4. Sentiment Time Series

import matplotlib.dates as mdates

posts_df['post_date'] = pd.to_datetime(posts_df['post_date'])

# Daily average sentiment with 7-day rolling average
daily = posts_df.groupby(posts_df['post_date'].dt.date).agg(
    avg_compound=('compound', 'mean'),
    post_count=('post_id', 'count'),
    negative_pct=('label', lambda x: (x == 'negative').mean() * 100)
).reset_index()
daily['post_date'] = pd.to_datetime(daily['post_date'])
daily['rolling_avg'] = daily['avg_compound'].rolling(7, min_periods=1).mean()

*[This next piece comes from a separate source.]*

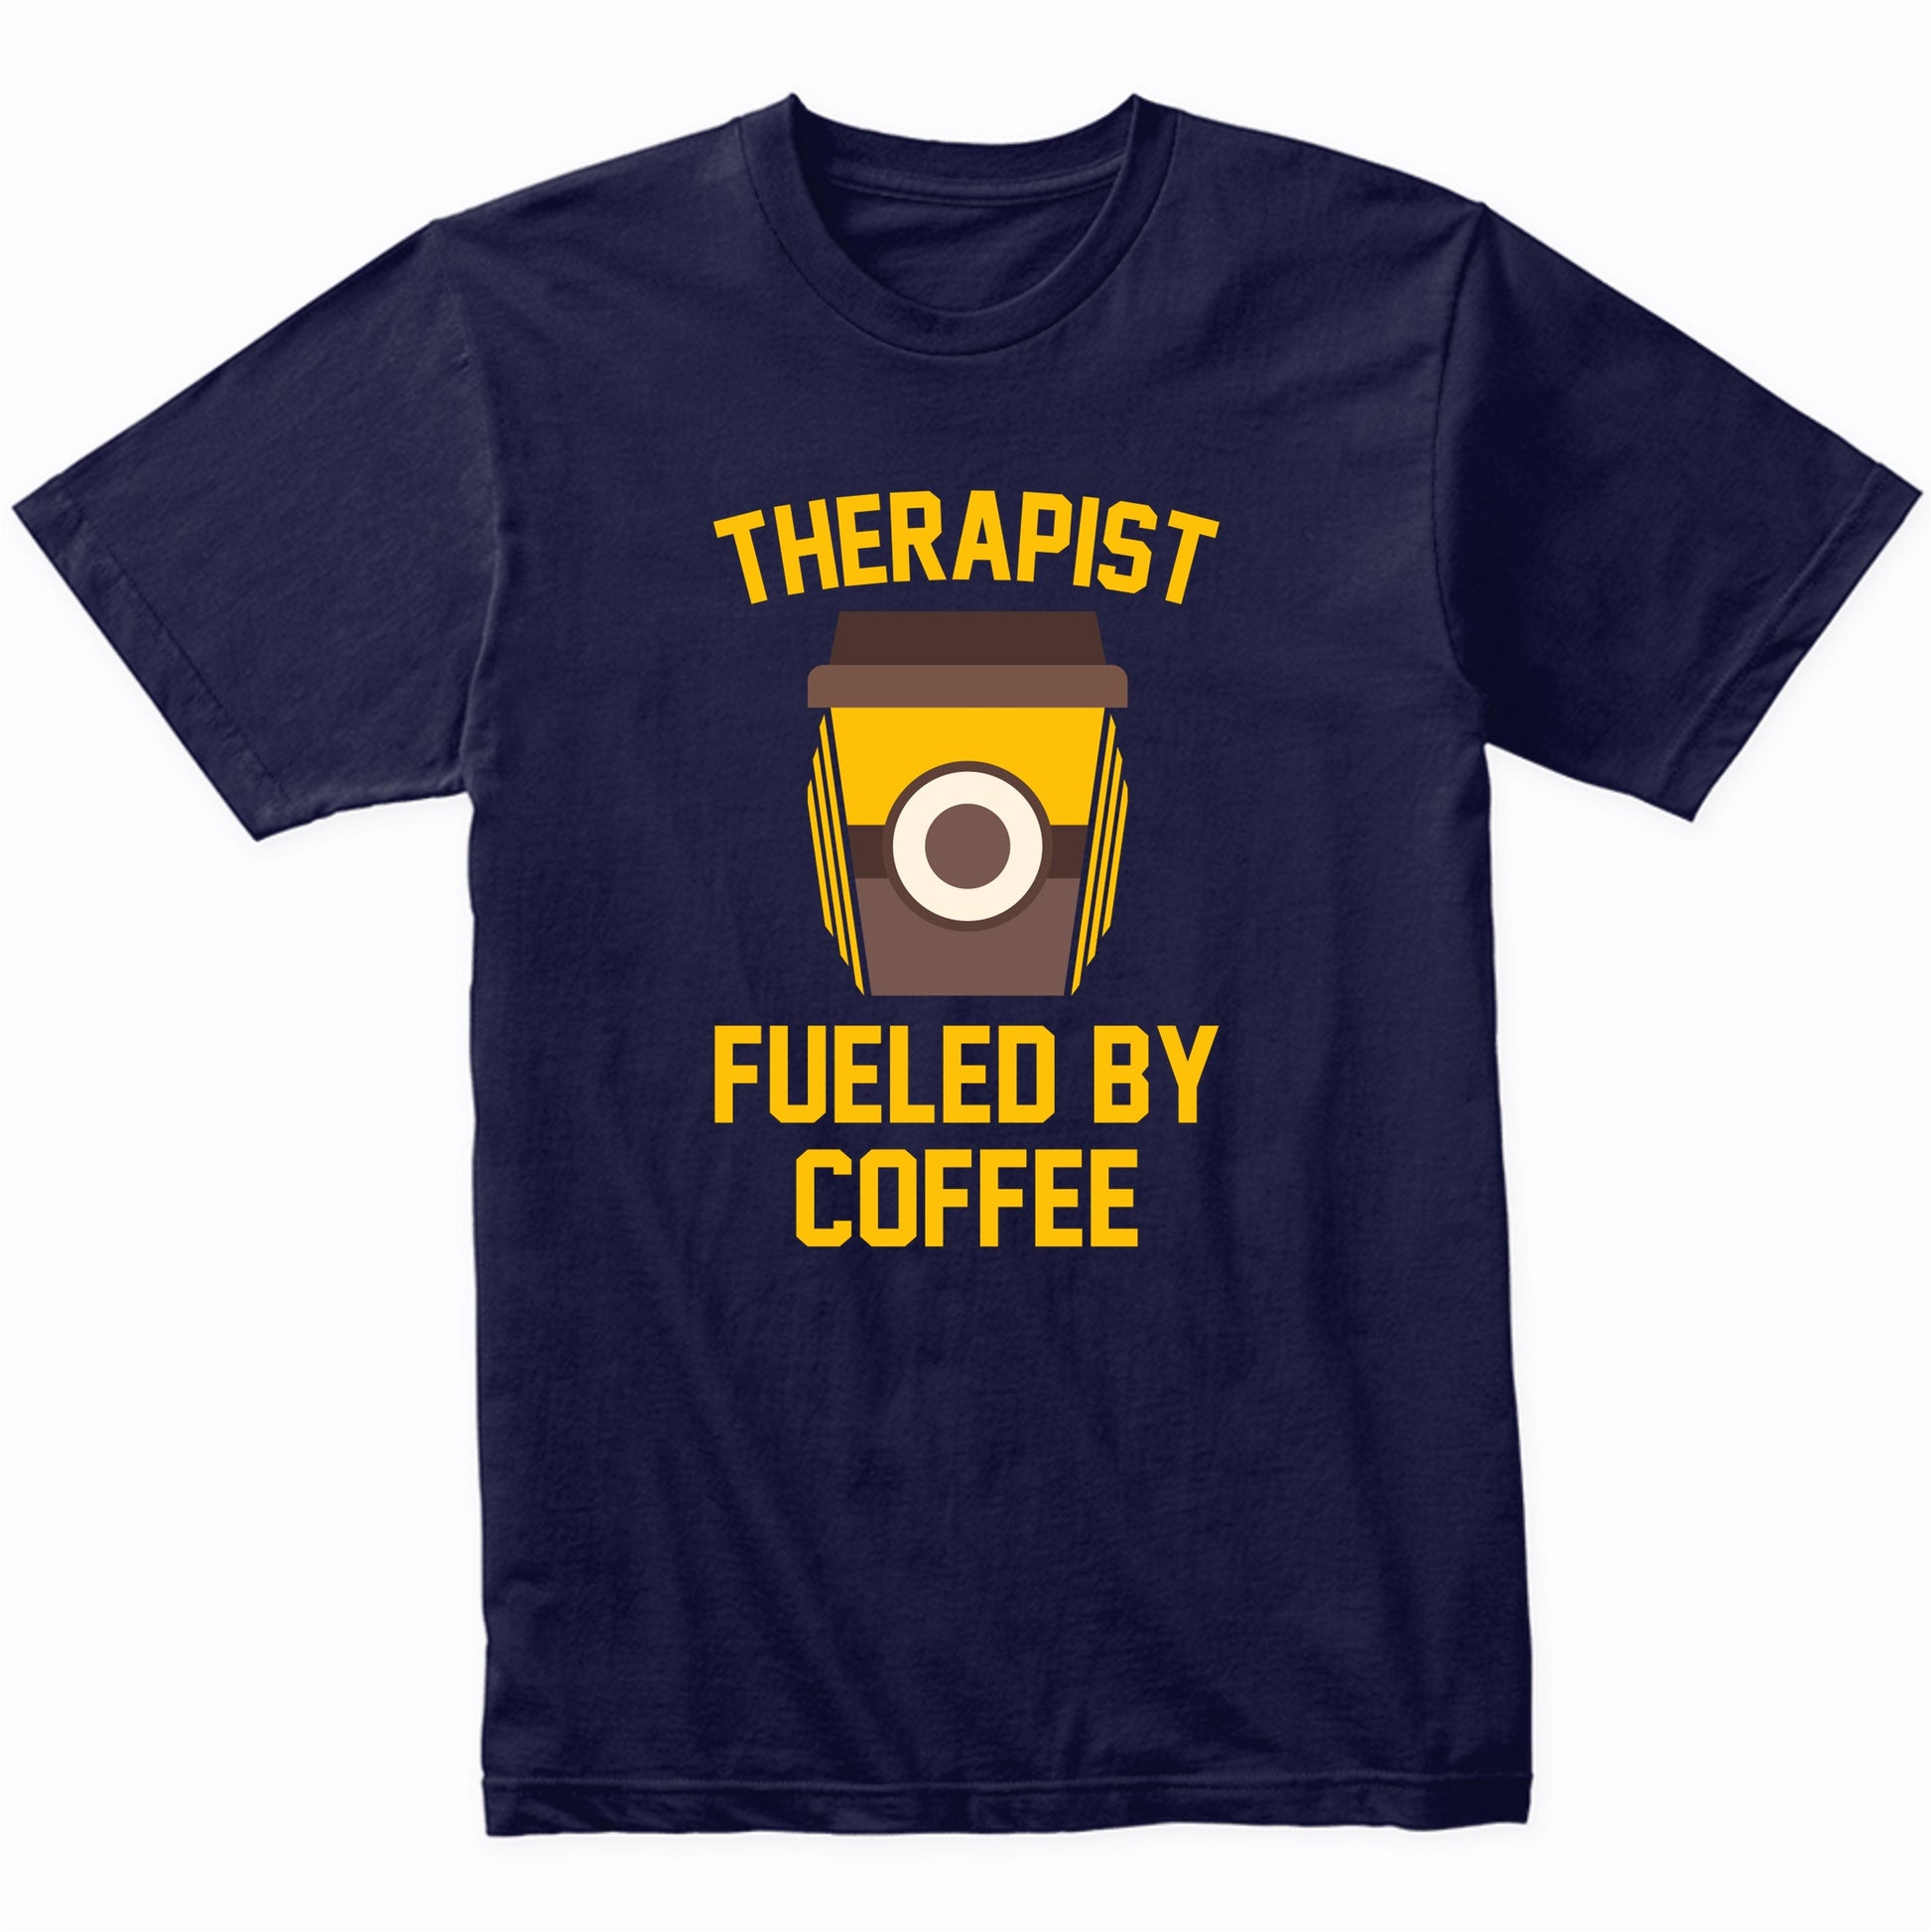 Therapist Fueled By Coffee Funny Shirt

fig, ax1 = plt.subplots(figsize=(14, 5))

ax1.plot(daily['post_date'], daily['avg_compound'], alpha=0.3, color='#3498db', label='Daily')
ax1.plot(daily['post_date'], daily['rolling_avg'], color='#2c3e50', linewidth=2, label='7-day MA')
ax1.axhline(y=0, color='gray', linestyle='--', linewidth=0.8)
ax1.set_ylabel('Compound Sentiment Score')
ax1.set_title('Brand Sentiment Over Time')
ax1.legend(loc='upper left')

ax2 = ax1.twinx()
ax2.bar(daily['post_date'], daily['post_count'], alpha=0.15, color='#95a5a6', label='Post Volume')
ax2.set_ylabel('Daily Post Volume')
ax2.legend(loc='upper right')

ax1.xaxis.set_major_formatter(mdates.DateFormatter('%b %Y'))
plt.tight_layout()
plt.savefig('sentiment_timeseries.png', dpi=150)
plt.show()

Key Insights

Sentiment Spikes

Sudden drops in compound sentiment often correlate with product launches, outages, or PR incidents. Monitoring the 7-day moving average helps separate noise from genuine trend shifts.

Platform Differences

Twitter/X posts tend to be more polarized (strong positive or negative) while Reddit discussions are more nuanced. Review sites skew toward extreme ratings, creating a U-shaped distribution.

Influencer Risk

A single negative post from a high-follower account can generate more engagement and reputational damage than hundreds of low-reach complaints. Prioritize response based on reach and engagement.

VADER Limitations

VADER works well for short, informal text but struggles with sarcasm, domain-specific jargon, and context-dependent sentiment. For production systems, consider fine-tuned transformer models.

Knowledge Check

Question 1

What does the VADER compound score represent?

The percentage of positive words in the text The total number of sentiment-bearing words A normalized aggregate score from -1 (most negative) to +1 (most positive) The ratio of positive to negative words

Question 2

Why do we remove stopwords during text preprocessing?

They are common words (the, is, and) that add noise without meaningful sentiment signal They contain negative sentiment that skews results They are too long to process efficiently They are only used in formal writing, not social media

Question 3

What is the purpose of lemmatization in the preprocessing pipeline?

To convert text to uppercase for uniformity To reduce words to their base form so "running" and "ran" map to "run" To split sentences into individual words To remove duplicate words from the text

Question 4

In the SQL query for high-influence negative posts, why is follower_count > 10000 used as a filter?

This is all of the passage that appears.